Yet, this dataset page shows grant identifier, even though its studyminimeta file uses simple comma separation:

  funding:
    - German Research Foundation (DFG), DFG-SFB 1451 (Project-ID 431549029)
    - German Research Foundation (DFG), Research training group Neural Circuit Analysis (DFG-RTG 1960, grant no. 233886668)

which wouldn't work for me.

Problem 3: Project names are cut short

Superdataset's title is shown as SFB1451 - key mechanisms of mo...

Problem 4: Subdataset are listed by folder names

It would be ideal to list them by project titles, but I guess there's little I can do other than find a clever way to supply metadata -- the superdataset, after all, is rendered from its own metadata only. Wontfix? Or is there a simple trick?

Questions

Question 1: Does configuration affect display, or `catalog add`?

At first glance it seems to me that changing configuration option for property_source doesn't change the display of the catalog, unless I repeat catalog add for a given metadata. Which would make sense, as the catalog is static, right?

Question 2: What is the meaning of the `property_source` config option?

It seems to me that it is the following, although I'm not 100% sure:

A single entry: preferred source -- if the source is present, it would be used exclusively; if not then other sources will be used (but is merge the default then?)
A list of entries: alternatives that can be toggled if the field allows (works e.g. for description, but not authors). This is not an order of preferences, right?
merge -- self-explanatory

Question 3: How to update metadata entries

If I want to update (overwrite) an entry for a given dataset version and id (not a common situation in mature workflows, but let's say I fixed a bug in a translator) --- can I run datalad catalog add -c -m again, or should I delete metadata files first?

jsheunis commented 1 year ago

Thanks for going through this effort!

Some comments/answers/questions (I've added a TODO wherever I think there's something that requires a new/separate issue, feel free to add more):

Problem 1 (solved): I am listed as the superdataset author, but want to keep myself out of it

...Solved by changing the source of author information from merge to metalad_studyminimeta in the config. This doesn't seem to affect datasets without studyminimeta files, which is good.

Good that the config works in this case, even if implicitly. It could perhaps be useful to make this more explicit, e.g. what should the config be if not merge but also not a specific source? We could consider making None and option, although it's difficult to think about a practical use case for that (why would a user not want to display anything for a specific field?). Other option could also be to specify exclusions (e.g. not metalad_core). Whatever changes are made, I think it is necessary to document this in detail (readme + docs + docstrings/comments). TODO

Problem 2: Funding identifier and description

...Yet, this dataset page shows grant identifier, even though its studyminimeta file uses simple comma separation:

I'm sorry about this being a bit misleading.
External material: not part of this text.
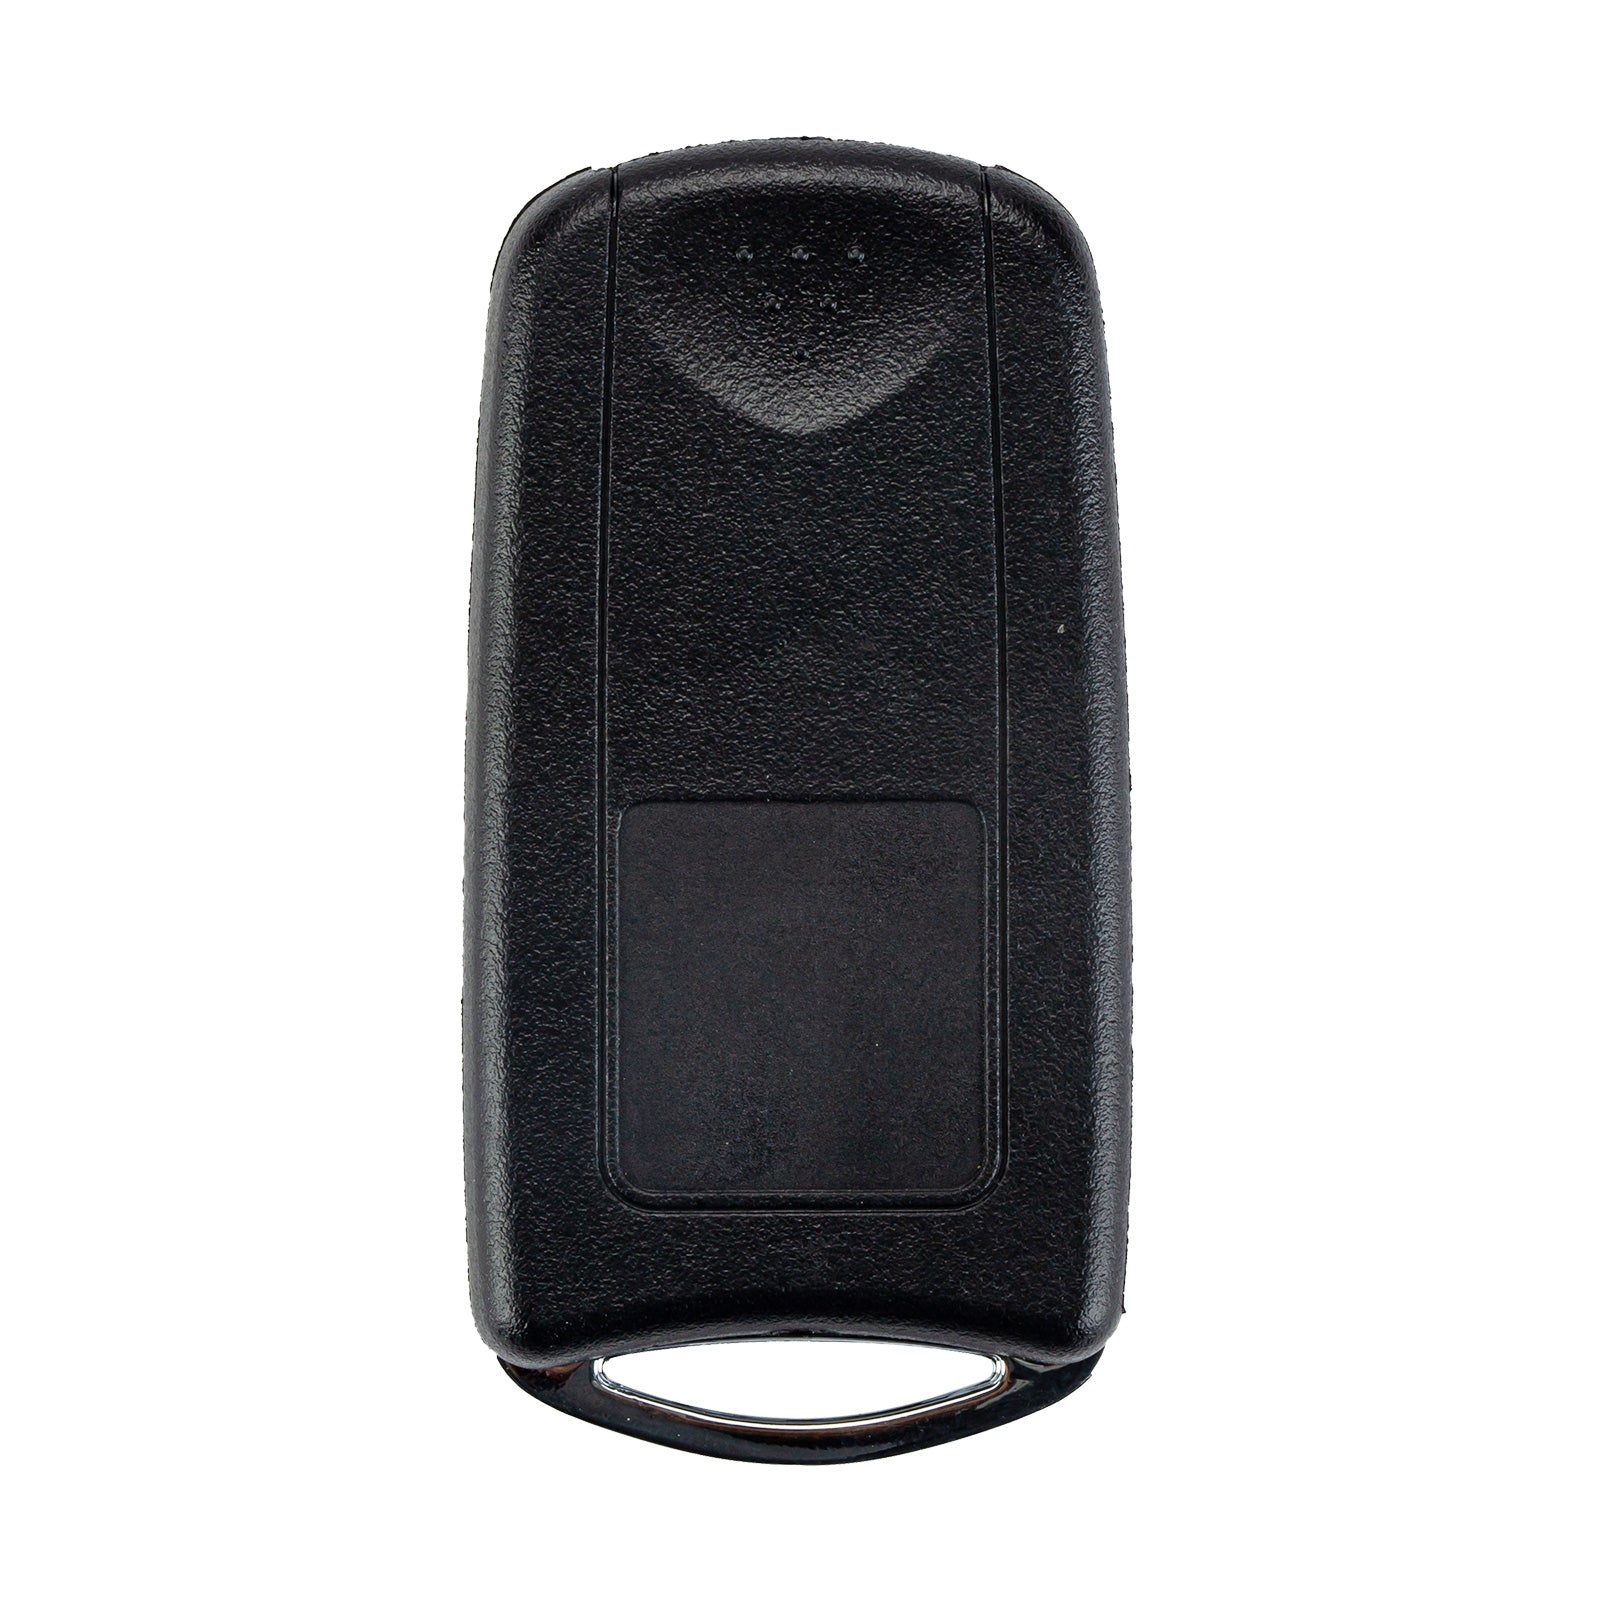 Keyless Entry Remote Flip Key Fob Replacement for Acura 2007-2013 RDX MDX 3BTN N5F0602A1A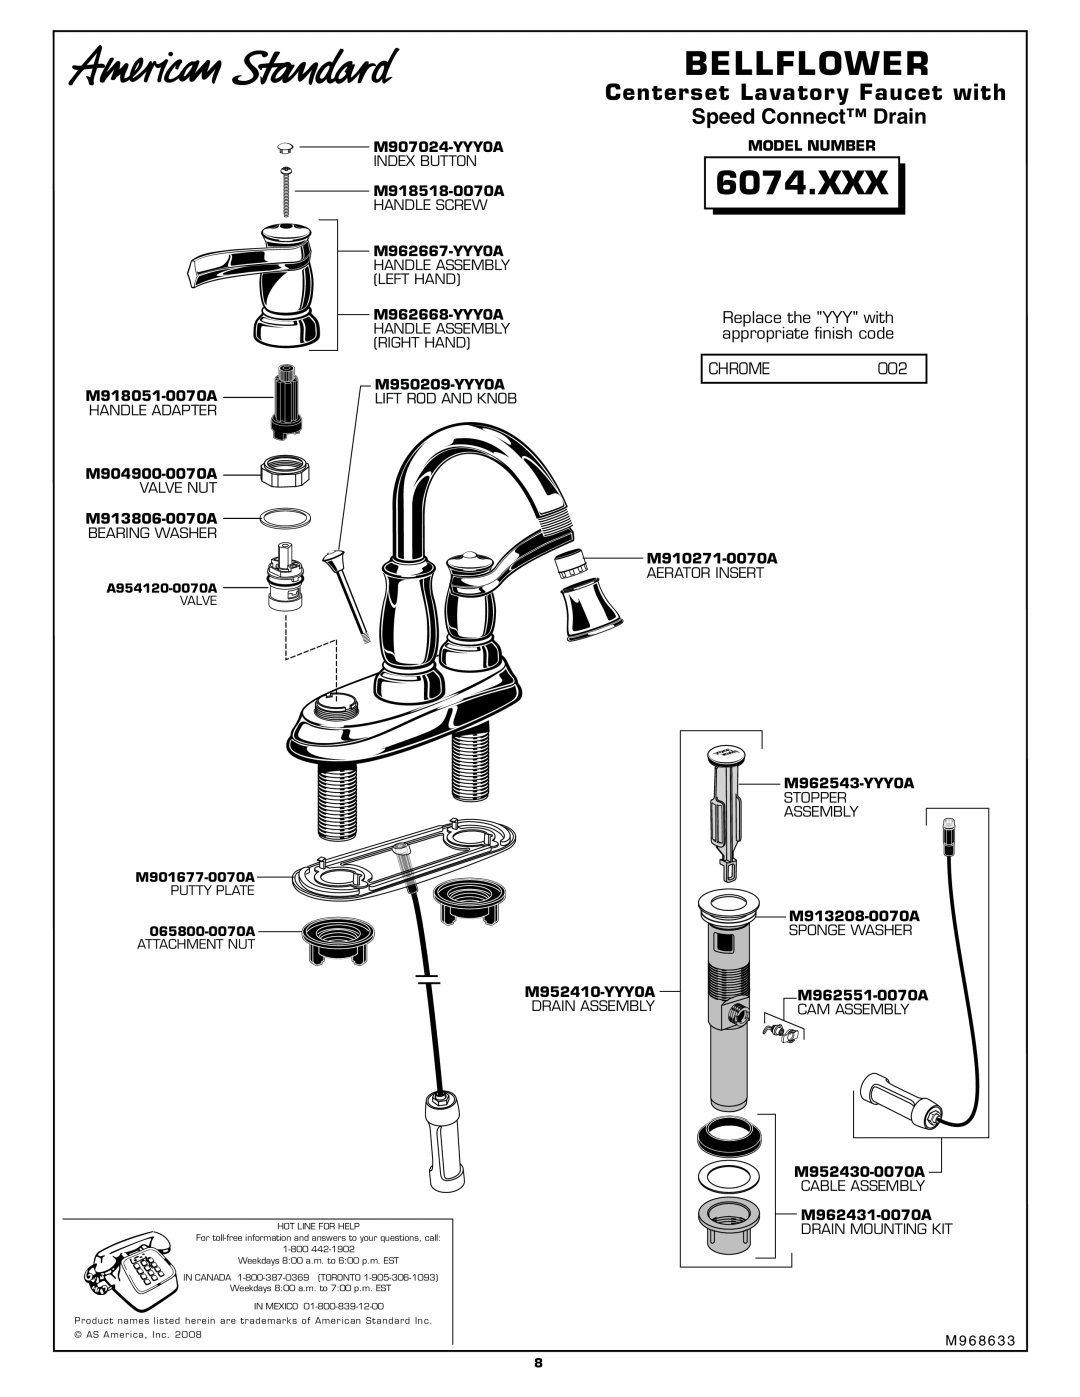 American Standard 6074.XXX Bellflower, Centerset Lavatory Faucet with, Speed Connect Drain, CHROME002

I'm pretty sure that in that instance I actually edited the metadata afterwards, moving parts of the name string to the identifier and description fields so that they display like that in the catalog. From the catalog's perspective, there are the 3 fields that can be populated. I constructed these myself based on what seemed to be pretty standard metadata fields for a grant. These can obviously be improved if more useful alternatives exist. But it is the job of the extractor and subsequent translator to populate these, and they can do whatever transformations they need to do with the original data in order to populate the fields that will pass catalog schema validation.

Therefore, to solve your specific problem, the studyminimeta extractor and/or translator would have to be updated.

Problem 3: Project names are cut short

Yes, this is correct. There is a javascript method that only displays the first 30 characters (I think) of a long dataset name. If this is problematic (seems like it could be) this method could be removed, changed, or made part of some configuration (i.e. cut off at character limit vs display full name).

Problem 4: Subdataset are listed by folder names

It would be ideal to list them by project titles, but I guess there's little I can do other than find a clever way to supply metadata -- the superdataset, after all, is rendered from its own metadata only. Wontfix? Or is there a simple trick?

I'm assuming this is in the Files tab, i.e. the file tree view? Yes, datasets would be displayed by their directory names. There's probably some value in displaying either (i.e. by directory name, which would reflect the actual file tree; or by dataset name, which could be more recognisable for humans). Currently, to save resources, the children of a particular node in a file tree are all written to a single file, and that file is fetched (and content rendered) whenever a node is expended. The question is should we then also grab metadata for all children of that expended node, because that would be needed if we want to display their dataset names (assuming such metadata exists and is already added to the catalog) instead of the directory names. Alternatively, their dataset names could be made part of the metadata in the parent node file, which means this would have to be done during catalog entry generation. We should look into whether/how this is possible. TODO

Question 1: Does configuration affect display, or catalog add?

Only the latter. The only parts of the config that, when changed, will cause changes in the rendered catalog are those that affect styling, such as link colours, the logo, etc. What do you think should be the expected behaviour/functionality here?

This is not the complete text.